The given equations are:
- \( x + 2y = -6 \)
- \( x + y = -1 \)
Step 1: Rearranging into slope-intercept form
For the first equation: \[ x + 2y = -6 \] Subtract \( x \) from both sides: \[ 2y = -x - 6 \] Now divide by 2: \[ y = -\frac{1}{2}x - 3 \]
For the second equation: \[ x + y = -1 \] Subtract \( x \) from both sides: \[ y = -x - 1 \]
Step 2: Graph the equations
Now we have the two equations in slope-intercept form:
- \( y = -\frac{1}{2}x - 3 \)
- \( y = -x - 1 \)
Graphing the first equation \( y = -\frac{1}{2}x - 3 \):
- The y-intercept is -3 (the point (0, -3)).

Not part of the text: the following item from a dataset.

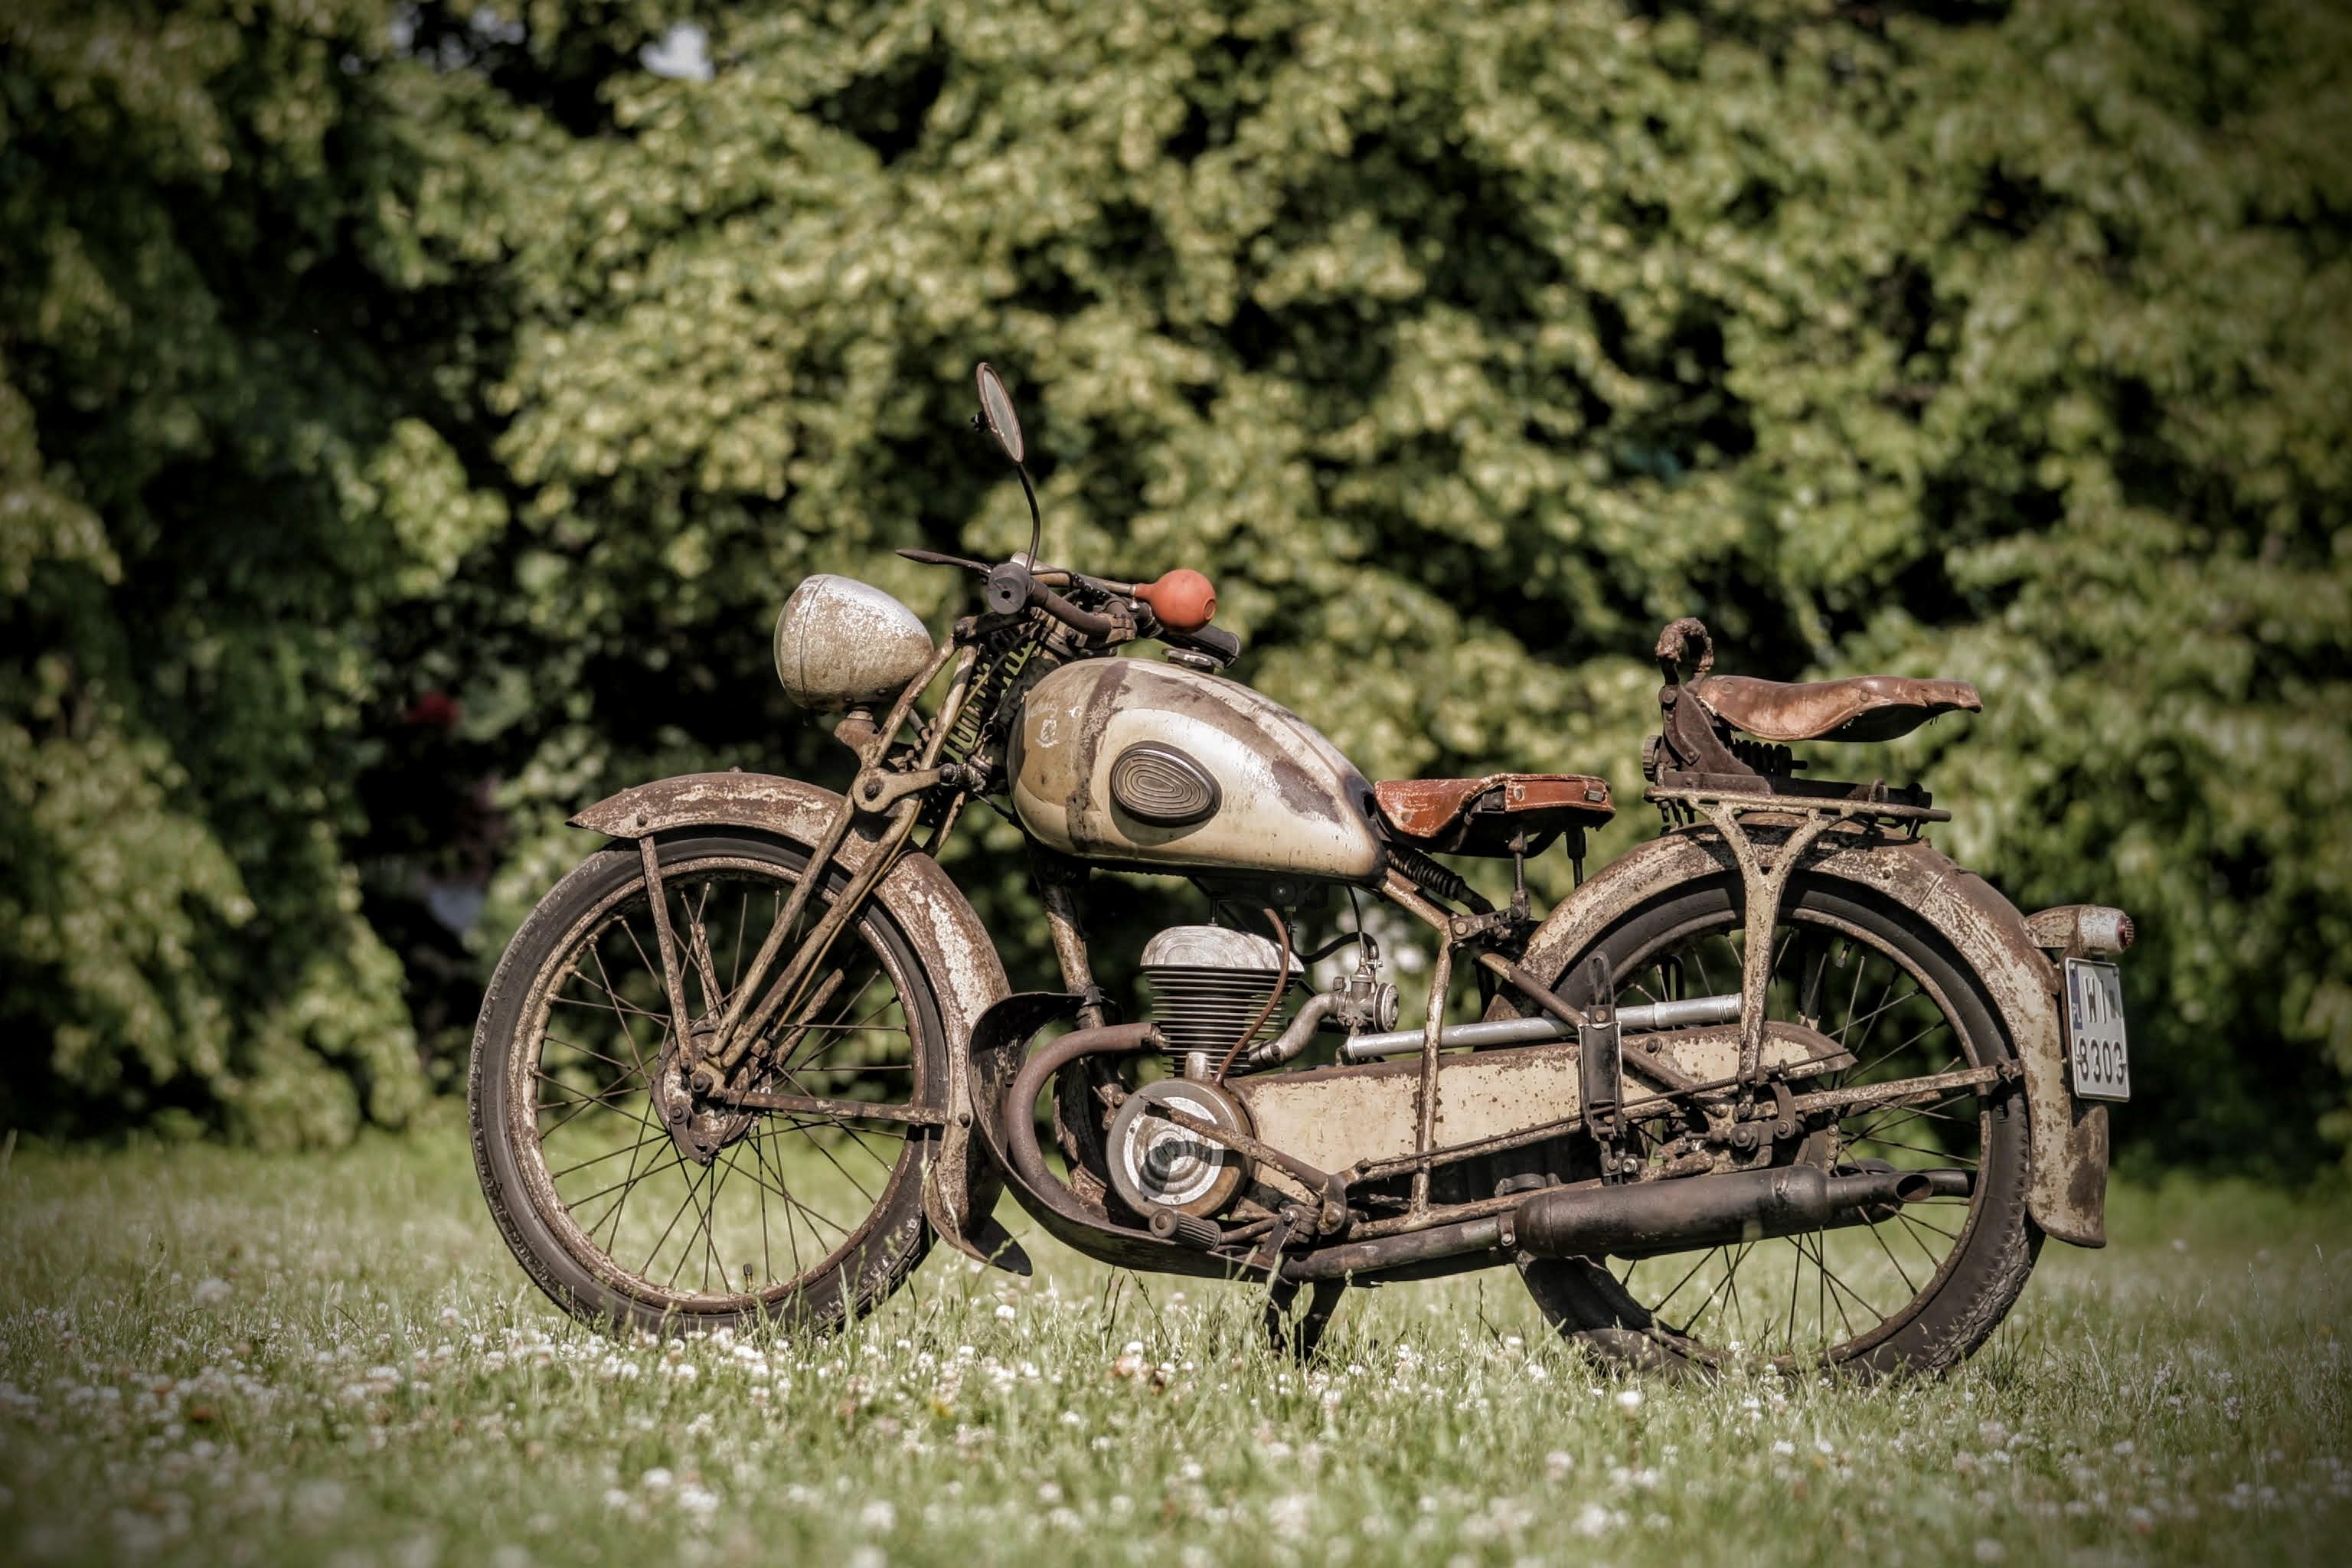 W roku 1930 Peugeot przejął inną francuską markę – Automoto - i od tego czasu pod własnym logo rozpoczął produkcję lekkich, prostych, dwusuwowych motocykli. Bazą opisywanego motocykla był model P53 z roku 1946, ze sztywnym tyłem i trapezowym zawieszeniem przedniego koła, tak jak w wersjach przedwojennych. Peugeot przez 10 lat rozwijał tę konstrukcję, budując na jej bazie wiele podobnych do siebie wersji - 55 AL, C, T, TA, TC, TCL, GL, GLT, GTS. Było ich sporo, jednak różniły się w zasadzie detalami czy wyposażeniem dodatkowym.

- The slope is -1/2, which means for each 2 units you move right (positive x), you move 1 unit down (negative y).
Graphing the second equation \( y = -x - 1 \):
- The y-intercept is -1 (the point (0, -1)).

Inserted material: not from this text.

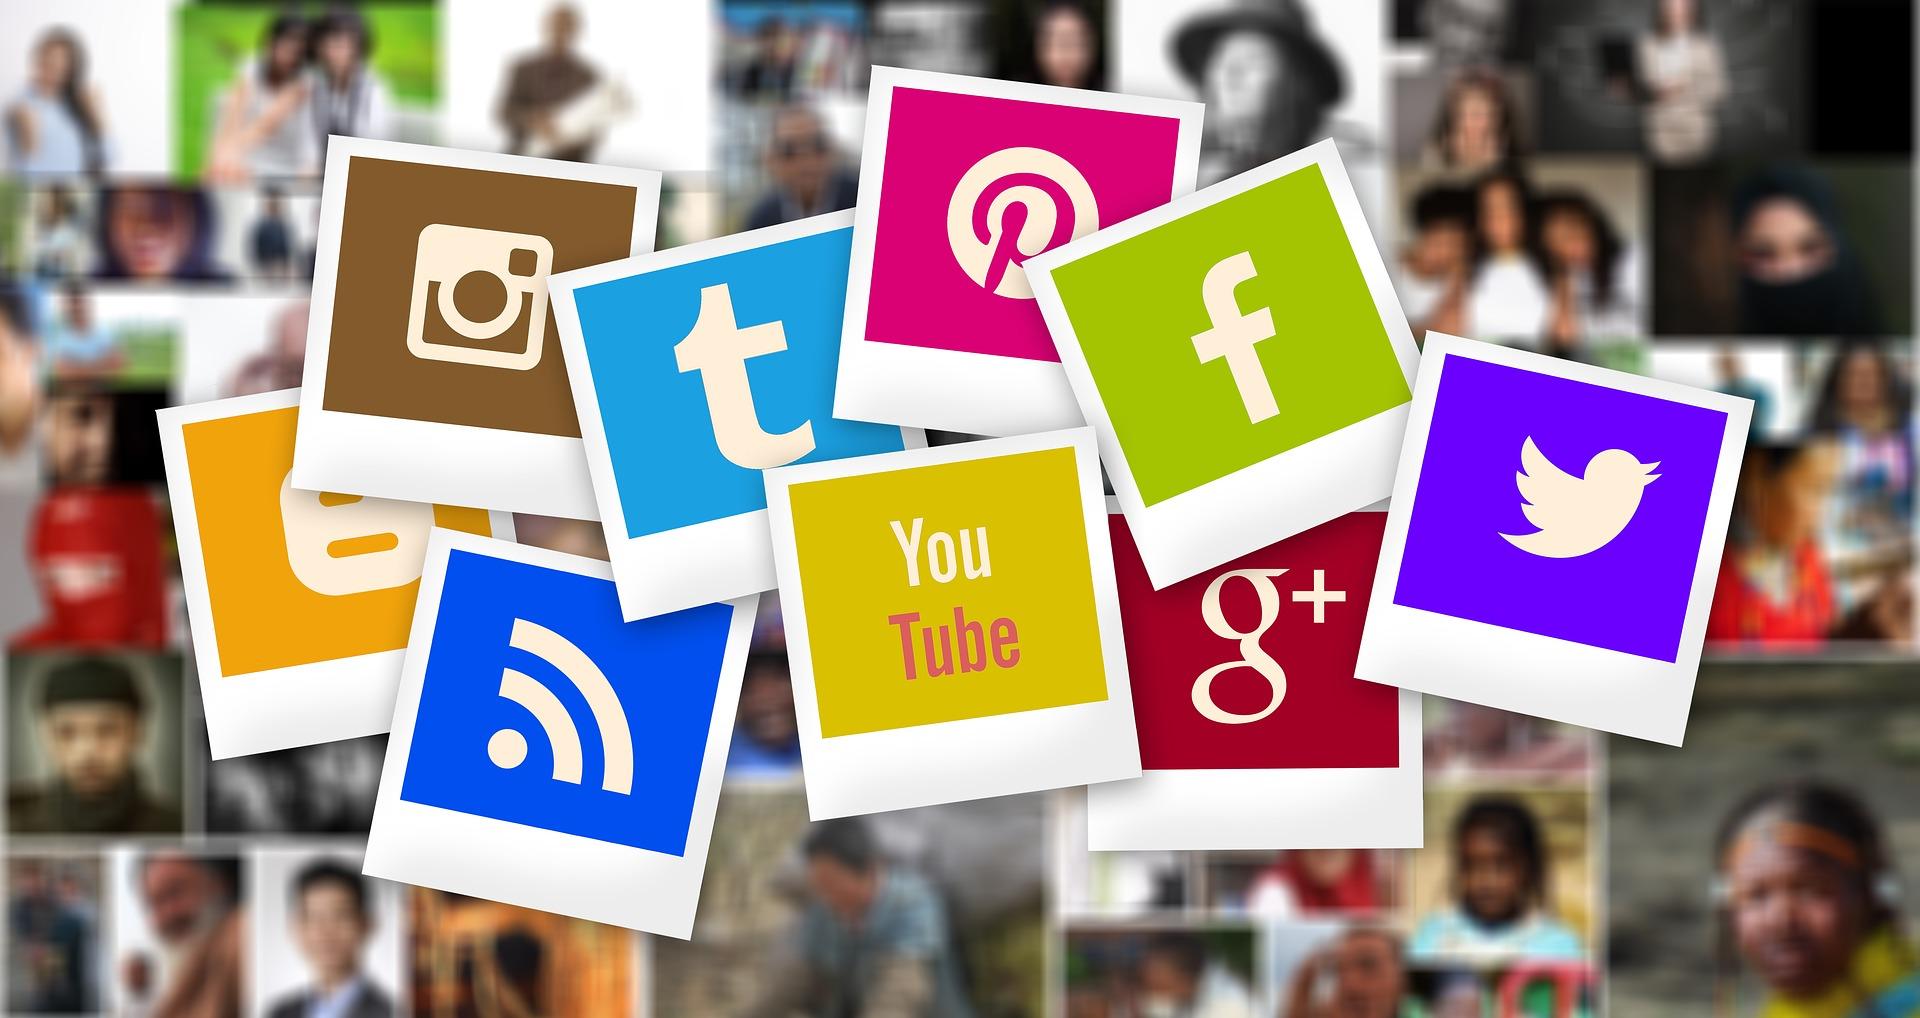 Image of all social media logos

- The slope is -1, which means for each 1 unit you move right, you move 1 unit down.
Step 3: Finding the intersection point
To find the solution to the system of equations, we need to find the point where the lines intersect.
From graphing, we can identify the intersection point. Alternatively, we can set the equations equal to each other to find this point algebraically.
Setting the two equations equal: \[ -\frac{1}{2}x - 3 = -x - 1 \]
Multiplying through by -2 to eliminate the fraction gives: \[ x + 6 = 2x + 2 \] Now, rearranging gives: \[ 6 - 2 = 2x - x \] \[ 4 = x \]
Now substituting \( x = 4 \) back into one of the original equations to find \( y \): Using \( x + y = -1 \): \[ 4 + y = -1 \] Subtracting 4 from both sides gives: \[ y = -5 \]
Conclusion
The solution to the system of equations is: \[ \boxed{(4, -5)} \]
This is the point where the two lines intersect on the graph.